A methodology was developed to growth nanostars directly at the surface of solid supports with high kinetical control and tailored optical properties. To this end, a “plasmonic particle library” of nanostars can be fabricated with a continuous gradient in size, morphology, and optical properties – ideally suited for rapid screening of optical/structural properties and high SERS activity. Publication of the results is still pending.
The developed sensing platform was applied for the quantitative detection of the bacterial biomarker pyocyanin, a QS signaling molecule of P. aeruginosa. In a proof-of -principle, we evidenced quantitative detection with a lower limit of between about 1-2 orders of magnitude below concentrations of PYO commonly found in clinical samples. Publication of the results is still pending."

"This action achieved several results beyond the current state of the art, including:
- The first colloidal superstructures with triangular cores have been reported.
- The first analysis of the diffuse optical properties of anisotropic superstructures.
- Novel particle assemblies that can detect and act, to combine photothermal heating with SERS sensing.
- The hypothesis that the anisotropic core of such assemblies controls their diffuse optical properties has been proven. This grants unprecedented insight into light-matter interactions of various plasmonic processes such as SERS generation and light-to-heat conversion, just to name a few.
- A competition between SERS enhancement and increased scattering losses in larger assemblies has been identified.
- We have developed the first growth of nanostars directly on solid supports with controlled interparticle spacings and high kinetical control.

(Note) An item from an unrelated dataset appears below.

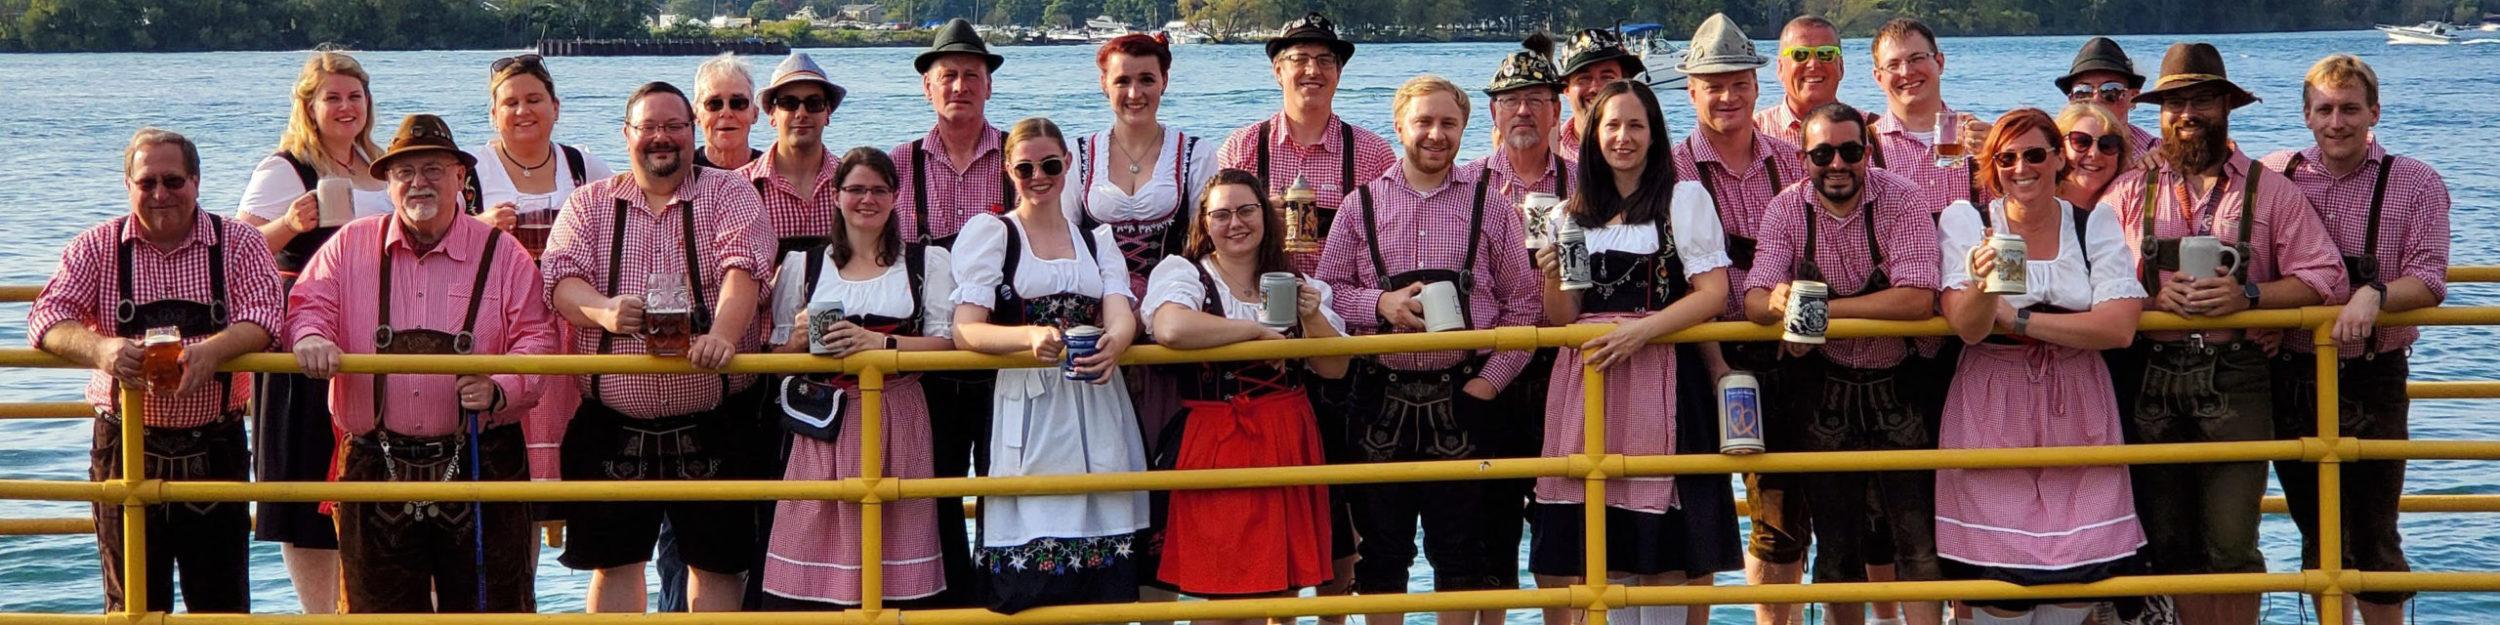 German-American Musicians

- A new method for the preparation of SERS-active gradient surfaces at the macroscopic level in the form of ""plasmonic particle libraries"".
- A microbiome-sensing platform for the sensitive, rapid, and robust SERS detection of bacterial (QS) analytes at proof-of-principle level. Quantitative detection of concentrations 1-2 orders of magnitude below the concentrations of PYO usually found in clinical samples.
- The first microbiome sensor platform that does not rely on hotspots formed by interparticle coupling, but on individual particles.

In view of the results achieved, we expect that the developed microbiome-sensing platform will have an important socio-economic and societal impact when applied for future studies of biofilm competition and real-time investigation of bacterial infection models. Especially with respect to hard-to-heal and chronic wounds, a better understanding of population density-controlled bacterial behavior would enable more efficient, topologic antibiotic wound care to counteract spreading of antibiotic resistances. The developed sensing array is readily scalable on macroscopic areas and could potentially be integrated in smart wound dressings to allow on-patient detection of bacterial infections. The scaling and translation aspects are commonly recognized as bottlenecks in the development of materials for bio-applications."